Ich habe ein Foto von diesem Ort im Hotel gesehen. Das hat mich stark beeindruckt, und ich habe den Ort gespeichert, um eines Tages dorthin zu gehen. Für diejenigen, die mit asiatischer Architektur nicht vertraut sind, erinnert dieser Ort sofort an einen Königspalast. Da der Königspalast in Hué halb zerstört ist, ist es einzigartig, einen Ort zu finden, der einen Königspalast so nachahmt!


Tag 1:
Kurz gesagt, dank der Nähe zu Hanoi (2,5 Stunden Fahrt) können wir diesmal zu einer anständigen Zeit (8:30 Uhr) aufbrechen, statt wie sonst im Morgengrauen die Hauptstadt zu verlassen. Die Straße dorthin ist ausgezeichnet, und ich kann meine Nacht verlängern, indem ich bis zur Ankunft schlafe.
Der Legacy-Yen-Tu-Komplex umfasst dieses 5-Sterne-Hotel (Königspalast), ein riesiges Reitgelände, das auf einen riesigen Tempel blickt. Daneben befinden sich das „Dorf“, Geschäfte in Form von Landhäusern, und ein 3-Sterne-Hotel, das ein Bauerndorf nachahmt. Das ist sehr gut gemacht, man fühlt sich in die Vergangenheit zurückversetzt. Die Präsenz eines falschen Königspalastes bezieht sich auf König Tran Nhan Tong (13. Jahrhundert), der abdankte, um Mönch zu werden. Er zog sich in diese Bergregion zurück, verbrachte Zeit in 16 verschiedenen Pagoden, bevor er sich auf einem Berggipfel nebenan niederließ. Er gründete einen buddhistischen Zweig namens „Trúc Lâm Yên Tử“. Dank seiner Geschichte, die der des Buddha sehr ähnlich ist, nimmt Tran Nhan Tong einen sehr wichtigen Platz im Herzen der vietnamesischen Buddhisten ein.
Gleich bei der Ankunft in Yen Tu sind wir von den vielen Bergen beeindruckt, ohne Zeichen menschlicher Aktivität. Beim Betrachten einer Miniatur wird uns später klar, dass wir uns in der Mitte eines Tals befinden. Der Hotelkomplex nimmt das gesamte Tal ein, daher dieses flache Gelände, umgeben von Bergen, die immer höher sind. Da ich vor der Reise etwas erkältet war, war ich sehr müde, aber ich fühlte mich bei meiner Ankunft sofort mit Energie versorgt. Die frische Bergluft hat mir sehr gut getan. Man hat uns nicht belogen: Der Ort ist voller Energie.

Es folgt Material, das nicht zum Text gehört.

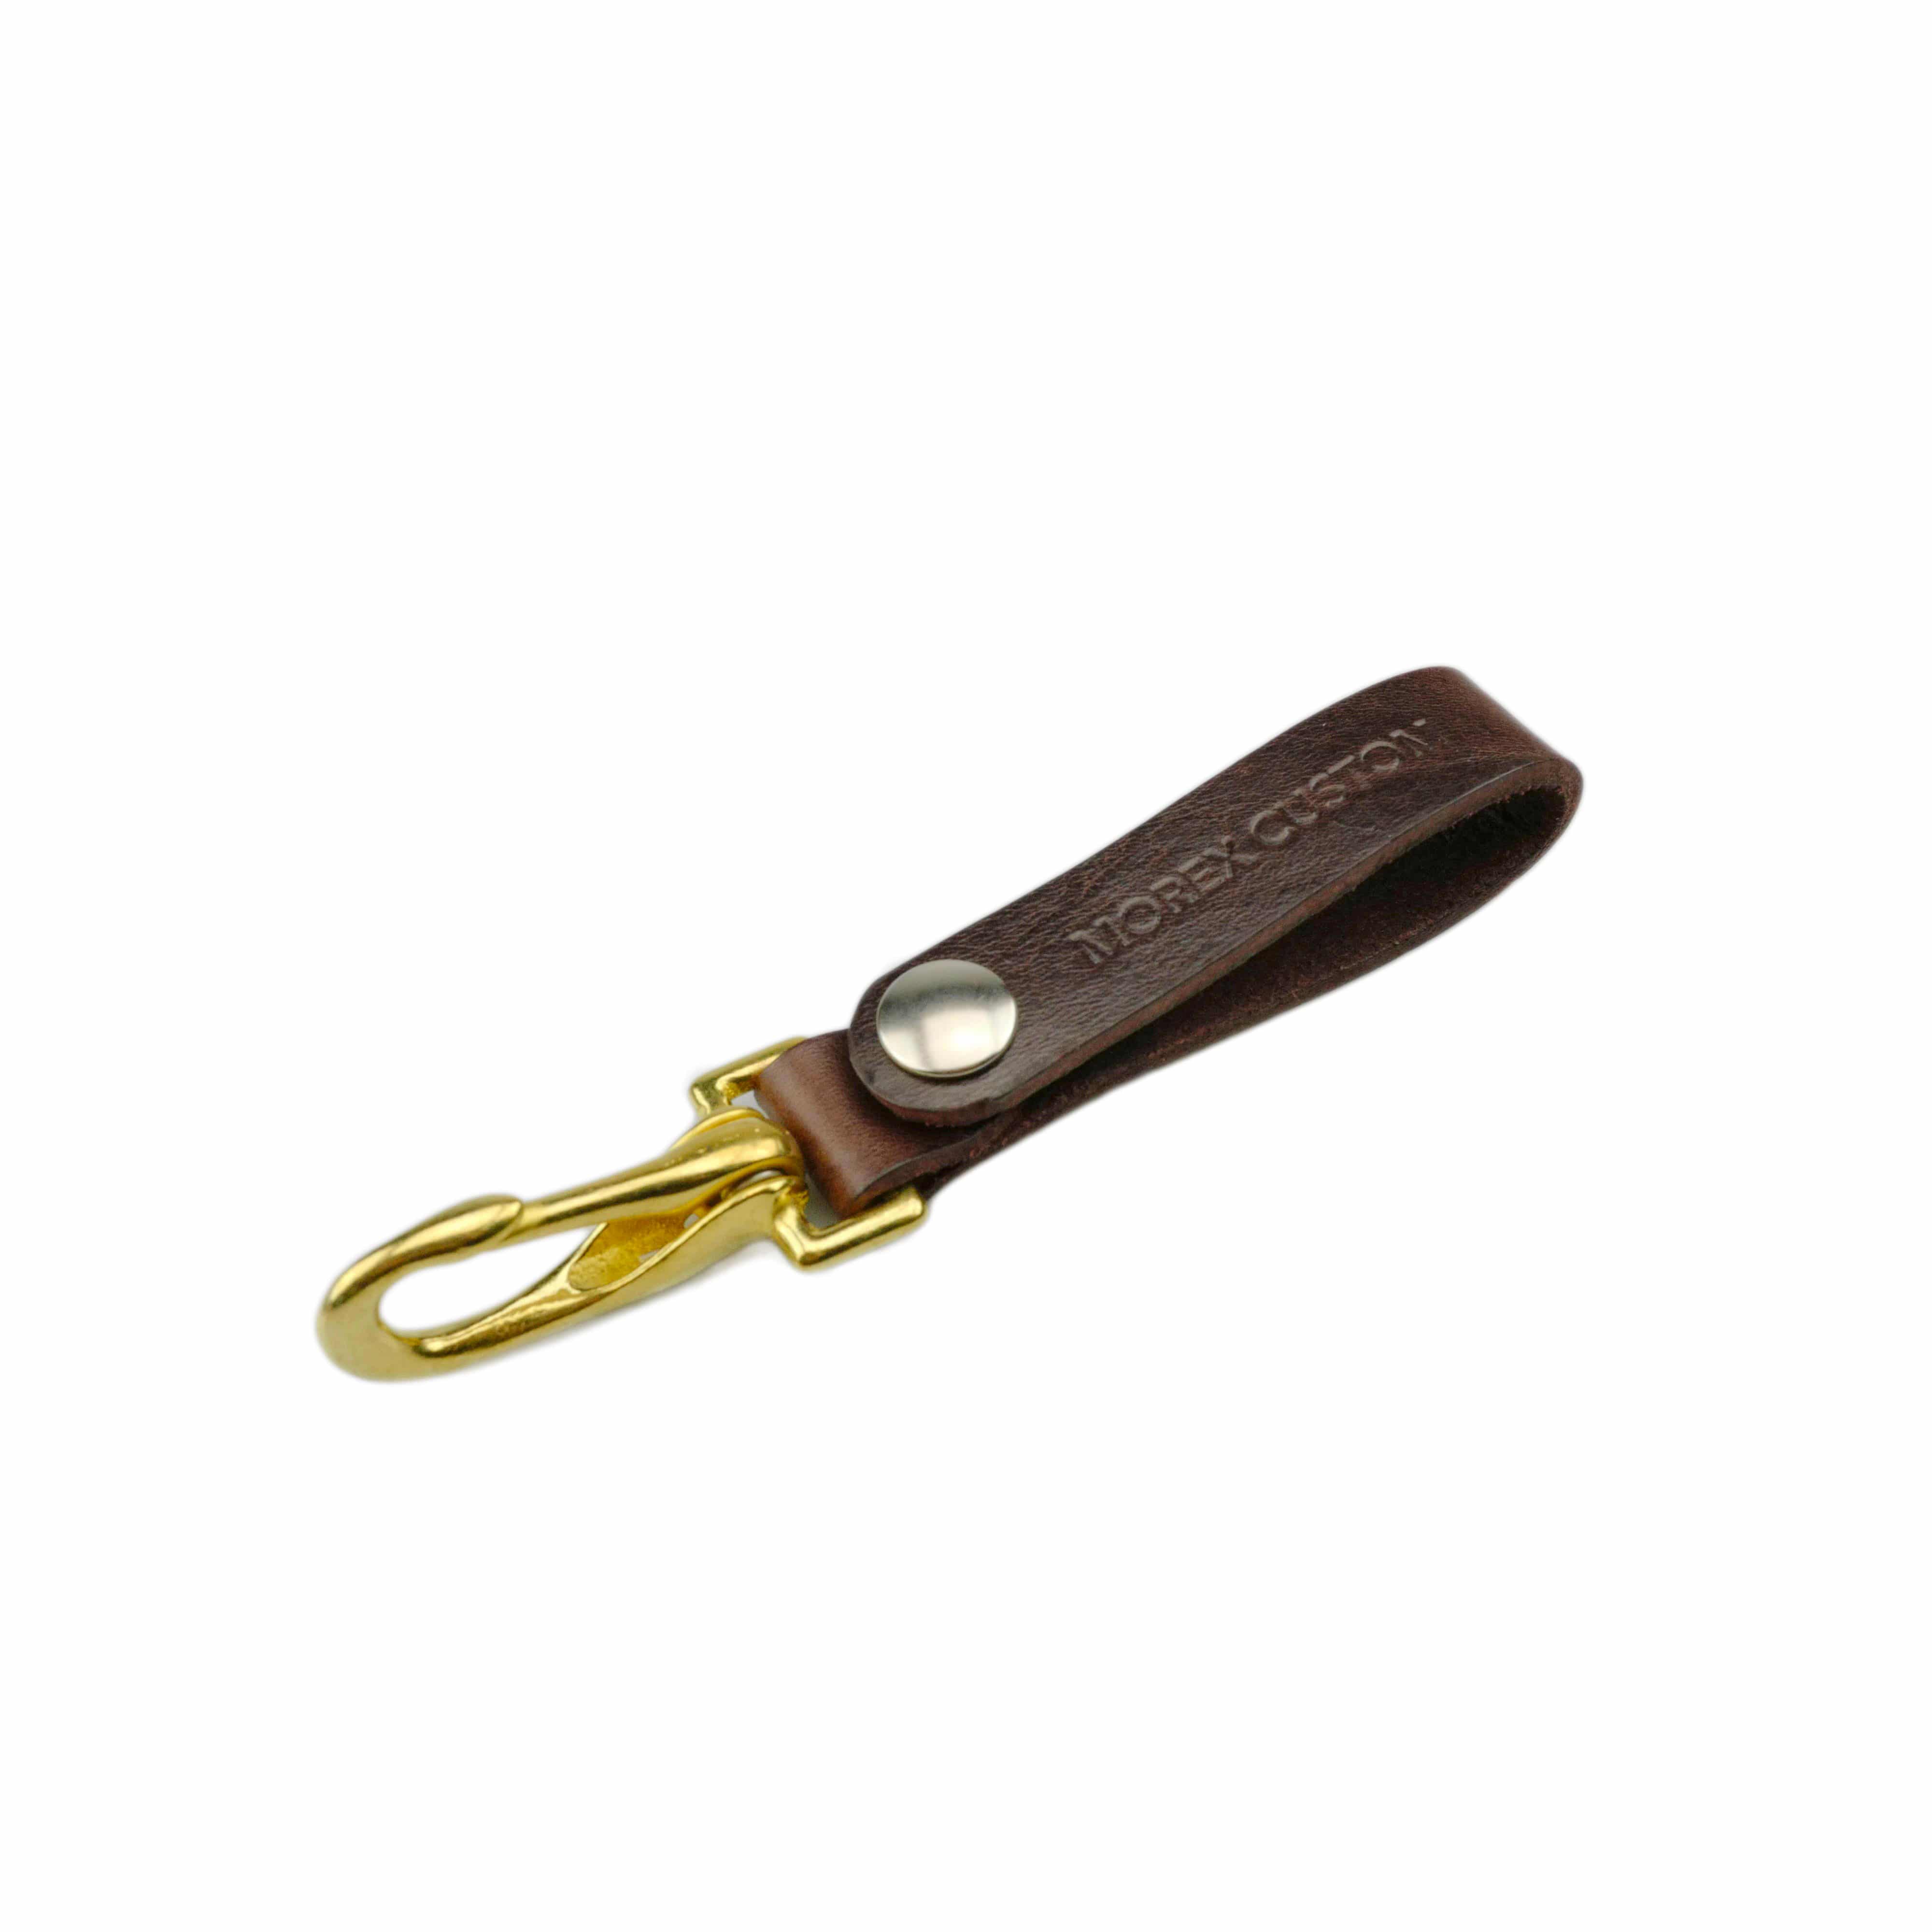 Brown strap key ring

Dank des Status Accor Gold von JB ((erhalten durch eine Aktion bei Accor) haben wir sofort Zugang zu den Zimmern, ohne Wartezeit, obwohl wir 3 Stunden vor der üblichen Check-in-Zeit ankommen. Wir werden auch um zwei Kategorien upgradet, mit einem diagonalen Blick auf den Pool. Man merkt nicht, dass man mitten im Wald ist, und außer diesem 5-Sterne-Hotel und einem 3-Sterne-Hotel daneben gibt es keine andere Infrastruktur.



Das Innere des Hotels ist absolut luxuriös, mit vielen Orten zum Fotografieren. Wir brauchen eine Stunde, um alle Orte und versteckten Ecken zu erkunden.

Der Pool ist fabelhaft, das Wasser stammt aus einer Quelle, ist geräumig, mit drei gut versteckten Whirlpool-Bereichen, und sehr komfortabel.




Die Lobby

Die Bar

Im März waren wir in einem ähnlichen Hotel der Kategorie „Retreat“, und wir können nicht anders, als sie zu vergleichen.
Beide liegen mitten im Wald, aber das andere Hotel verliert seinen Glanz im Vergleich zu diesem. In dem anderen Hotel konnte man Insekten und Spinnen finden, die auf dem Balkon (sogar im Zimmer) herumliefen, Vögel, die so viel Lärm machten, dass man schon um 6 Uhr morgens aufwachte, eine falsche Ruhe, versteckt unter einer Lage „fern von der Welt“. Hier ist es einwandfrei: keine Insekten, nicht einmal Mücken. Die Vögel sind zwar da, aber sehr unauffällig. Es scheint, als ob alle Lebewesen hier auch meditieren, sie sind ruhig. Der Luxus unseres Zimmers und der Einrichtungen passt perfekt zur Ruhe der Natur um uns herum. Statt Langeweile zu empfinden, fühlen wir uns im Gegenteil beruhigt. Manchmal regnet es plötzlich, heftig, um einige Sonnenstrahlen zu enthüllen, und dann regnet es wieder. Mit unserer Tür, die weit zum Balkon und zum Wald geöffnet ist, hören wir die Musik des Regens. Es gibt nichts anderes als das Geräusch des Regens.
Einige Elemente des Zimmers sind mit einer dünnen Bronzeschicht überzogen.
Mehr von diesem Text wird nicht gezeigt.